Senior Executives Were Out in Force

This confirms the Internet and integrated communications are top of mind in the C-suite. A partial attendee list for WOMMA includes Pepsi-Cola, AOL, Microsoft, General Mills, and Walt Disney. Organic sponsored Forrester’s Consumer Forum. The attendee list was almost exclusively VP and C-level executives in Fortune 1000 companies.

Usually at industry conferences, brand executives are very difficult to find and tend to shy away from conversations with agencies or technology companies. During Ad Week, impressive name tags were everywhere. Attendees were actively listening, taking notes, and asking a lot of questions. Conference attendance, particularly at this level, is a clear, quantifiable indicator the Internet is a real, important part of the Fortune 1000 marketing mix.

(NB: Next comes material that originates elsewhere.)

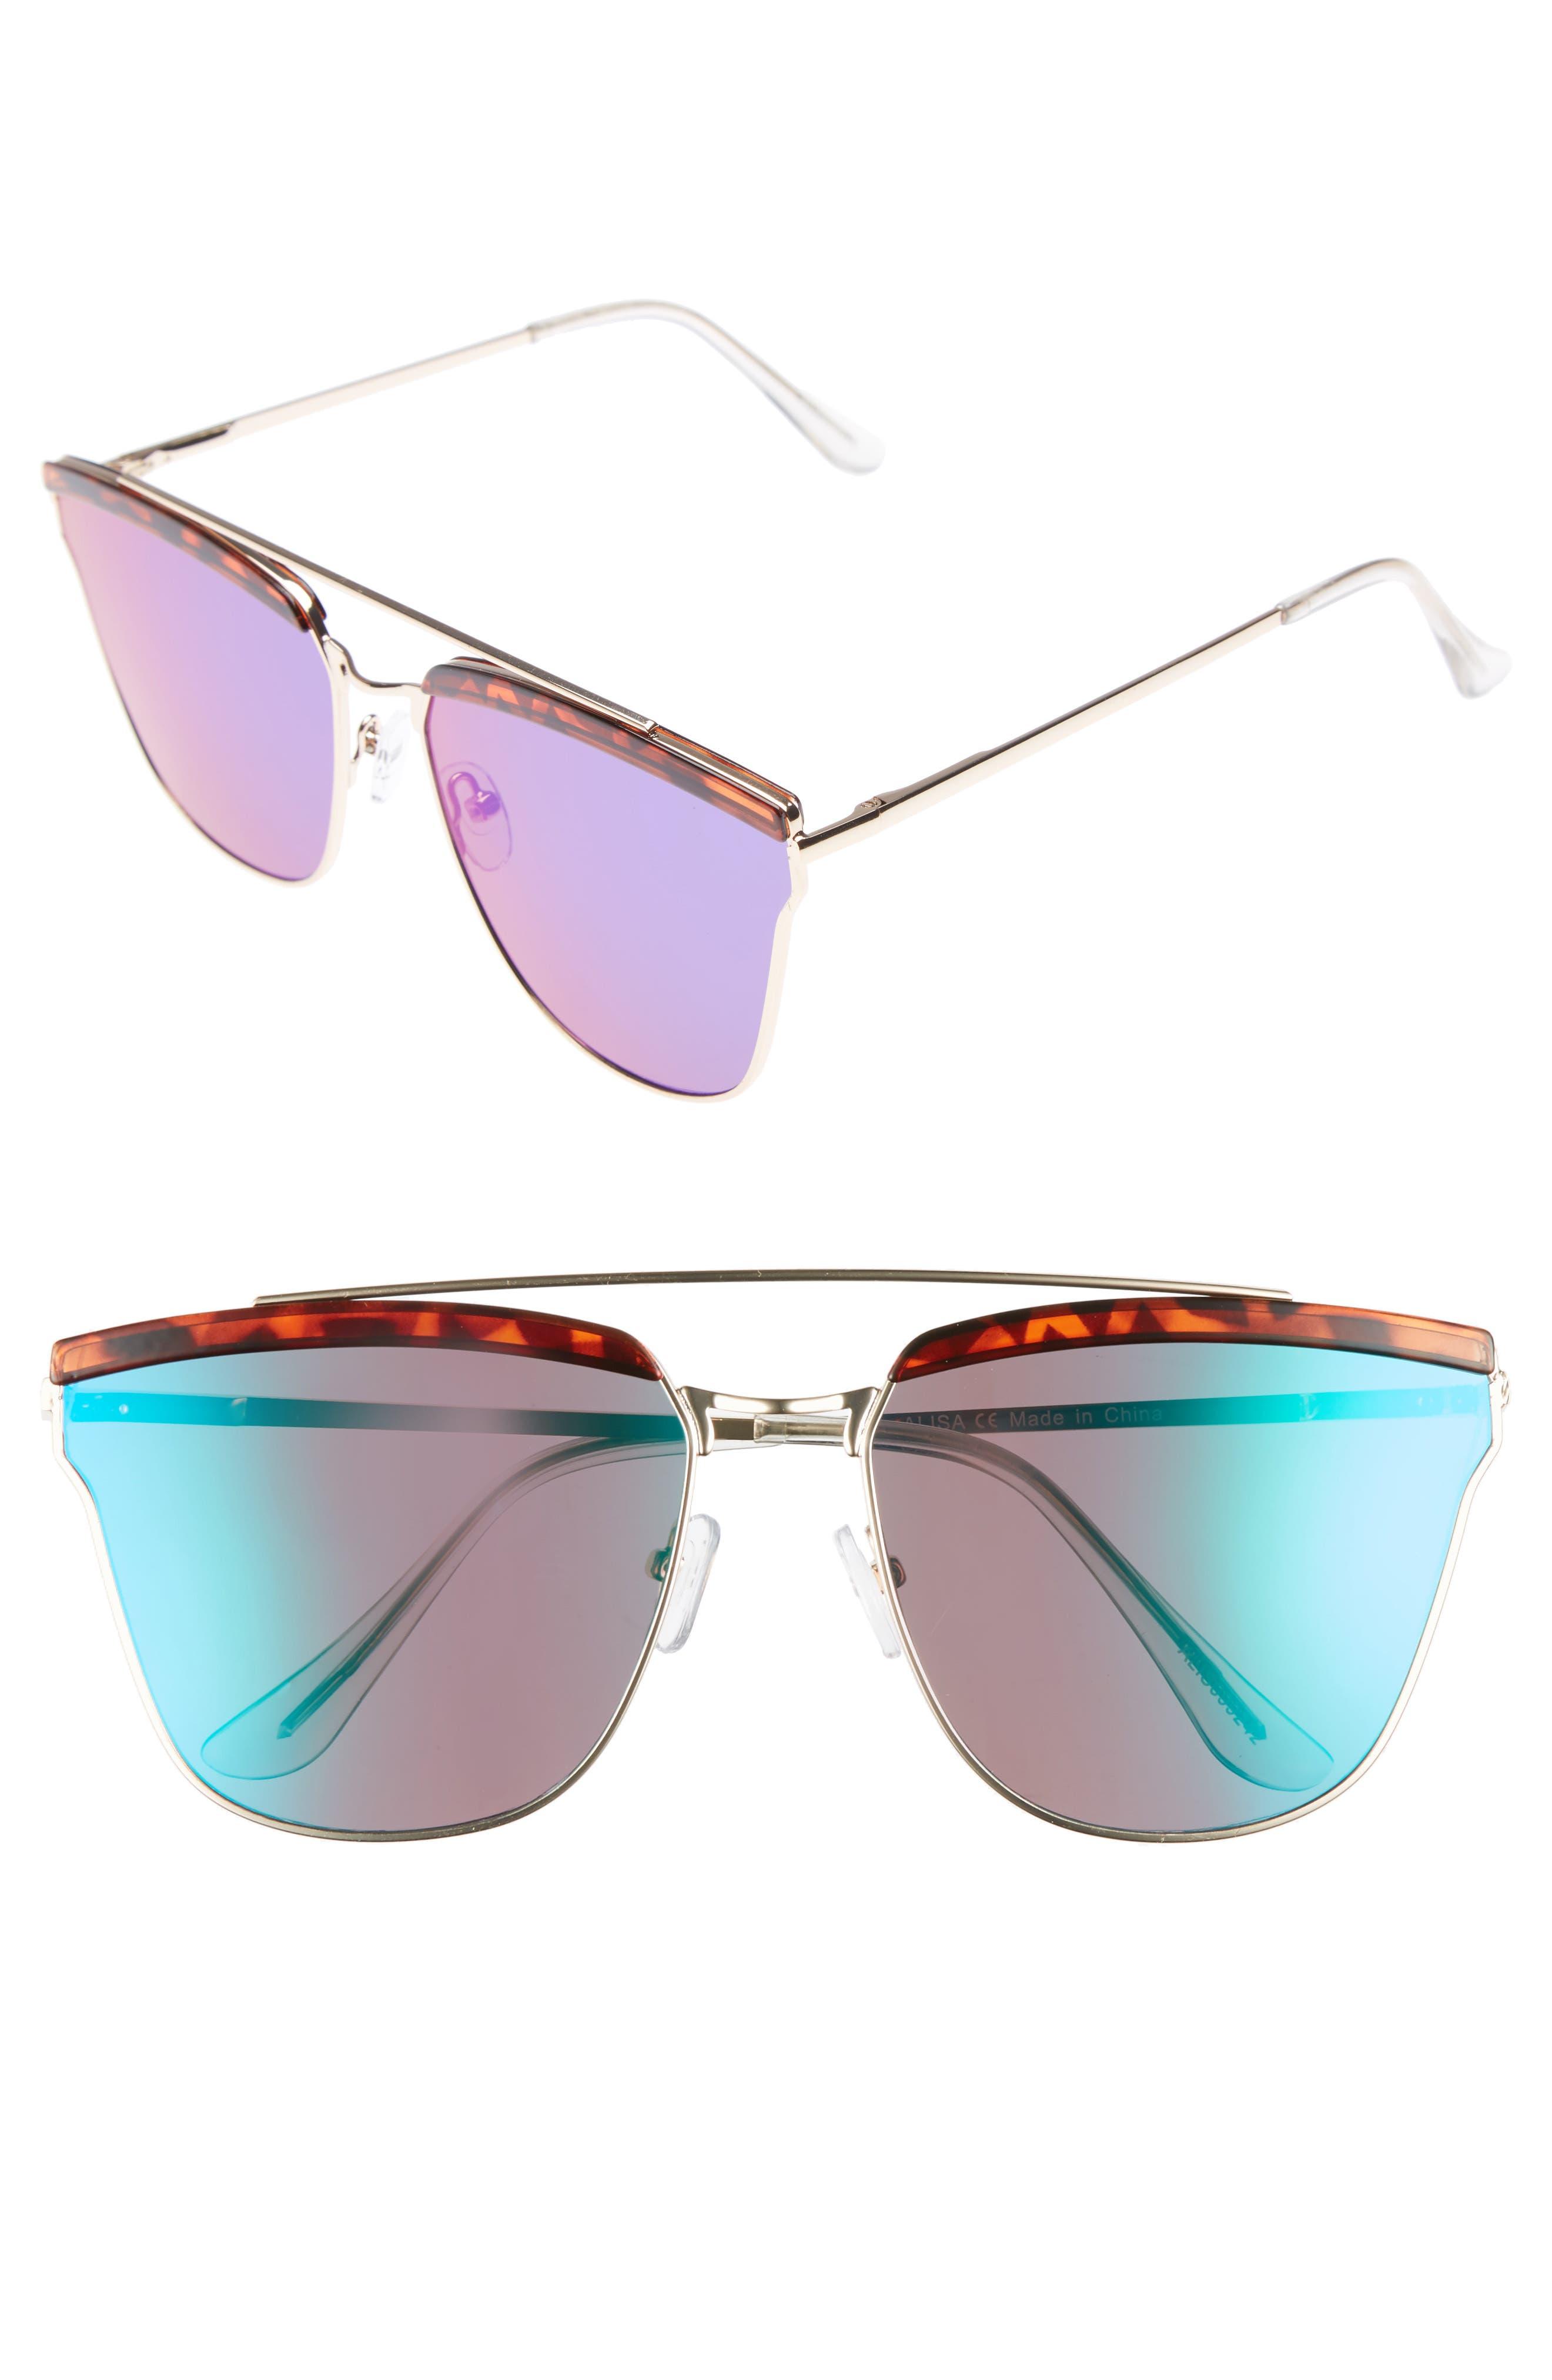 60mm Mirror Sunglasses,                         Main,                         color, Gold/ Tort

The Internet Is the Emerging Hub of the Multichannel World

Increasingly, the Internet experience is the hub of both branding and direct response campaigns. We see this in our client work, and we hear it at every event we attended. All offline media — print, TV, outdoor, and so forth — point to the Web as the center of interaction and experience that encourages consumers to participate with the brand in new, exciting ways. This bodes well for us all. As the inevitable screen convergence continues, media will look a lot more like the Internet (participatory) rather than TV and print (passive). We’ve known this for a long time, but it’s interesting to learn how different companies are taking this to heart, particularly in the automotive space with the Dodge Charger and Audi A3 campaigns.

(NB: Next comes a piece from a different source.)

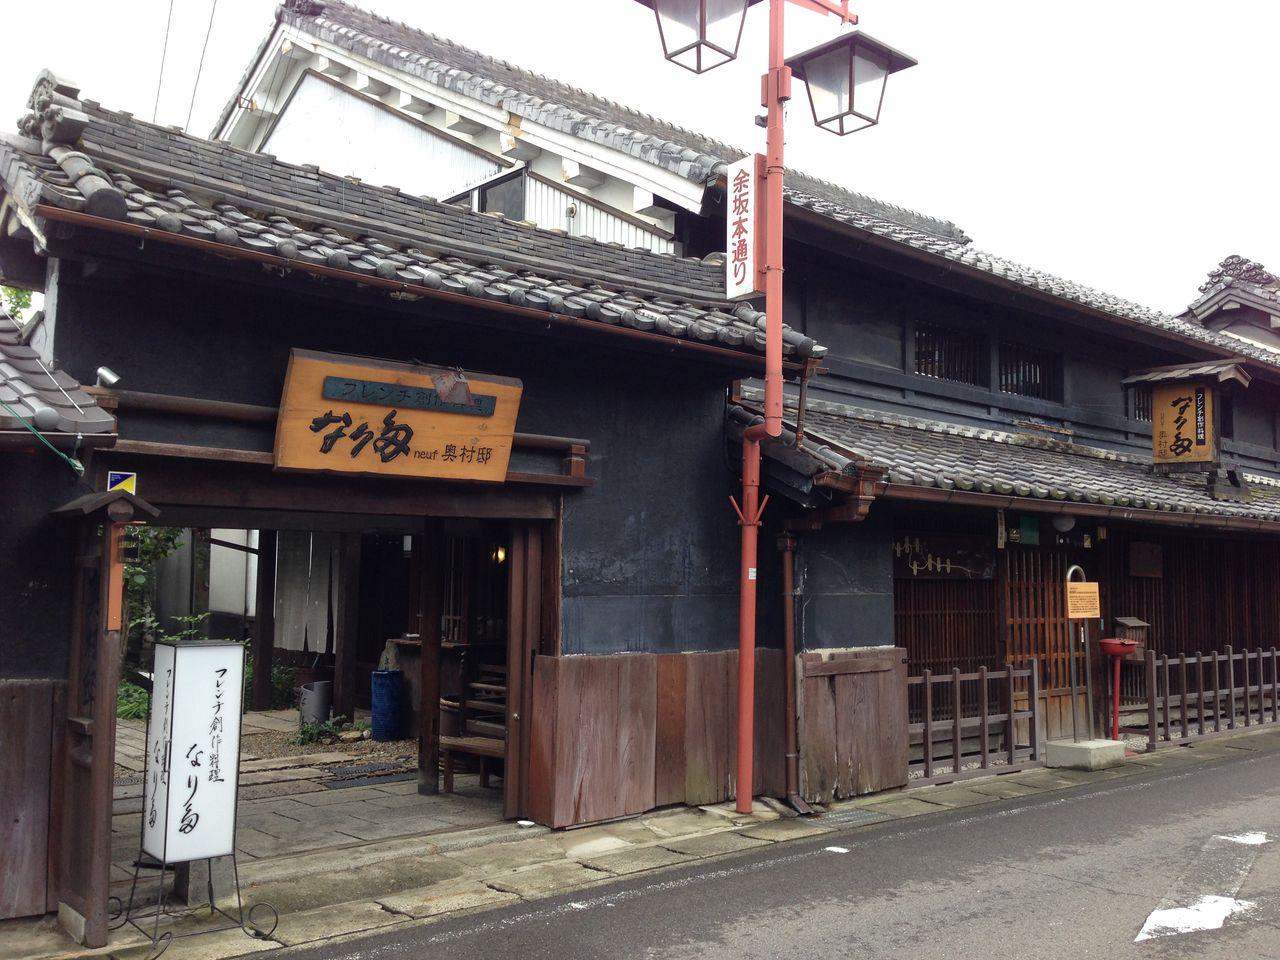 築山殿 - Lady TsukiyamaForgot Password

Word of Mouth Has Come Into Its Own

I had the opportunity to attend the WOMMA conference briefly to hear our Chief Experience Architect Troy Young speak on a panel about how to create content that’s word-of-mouth worthy. There was a remarkable moment of disclosure during the session that made people gasp, laugh, and think hard.

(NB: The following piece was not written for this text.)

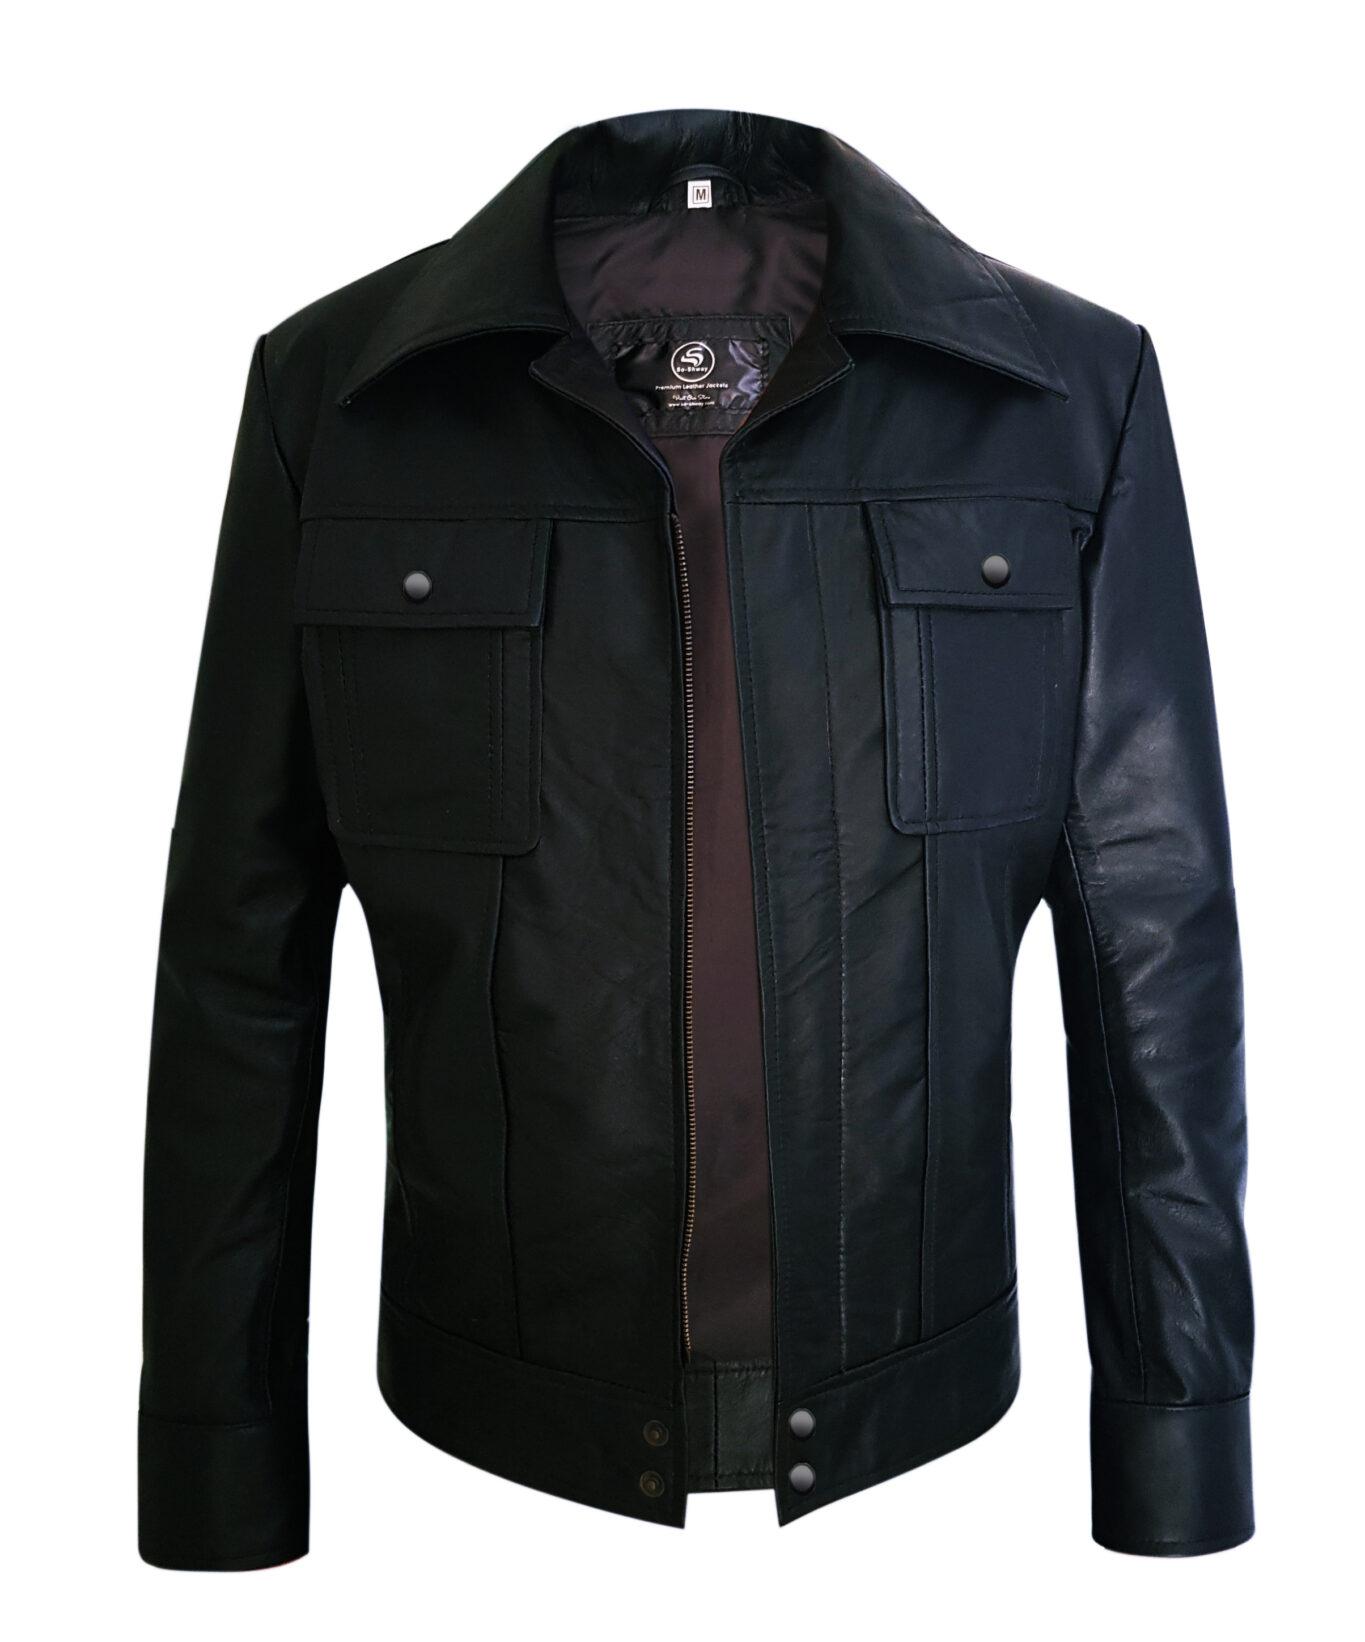 Two Pockets Mens Black Genuine Leather Jacket

In an effort to not just talk about word-of-mouth tactics, Young decided to employ one himself by way of example. His fifth slide stated starkly, “I want you to talk about me.” After all, that’s why speakers speak: to create buzz for their personal brands, for their companies, and for the interactive industry in general. So he resorted to an age-old tactic: sex sells. After reminding the audience of the Paris Hilton/Carl’s Jr. ads, Young flipped to the next slide. It was an enormous picture of his belly, complete with belly button and plaid shorts. After the initial shock, everyone laughed a bit nervously and exchanged glances. This was quite unusual. Young made his point.

The best word of mouth is unpredictable. It tests comfort zones. And, Young got his wish. The blogosphere is buzzing with comments about his speech, including an interesting post on The Basement.

I congratulated Andy Sernovitz, WOMMA’s CEO, on the conference. He was very pleased. He’d put the event together in four weeks, and 250 people were in the standing-room-only space.

He said, “I have a simple metric to determine whether an event is a good one. First, how many people are still there at the end of the day? We kept everyone. And second, what percentage of attendees are hanging out in the hall answering email and making phone calls? Our entry room was empty during the sessions because everyone was inside, listening. That’s how I rate a good conference.”

Word of mouth is real. Normal. And here to stay.

I want you to talk about me. Isn’t that really the heart of effective advertising?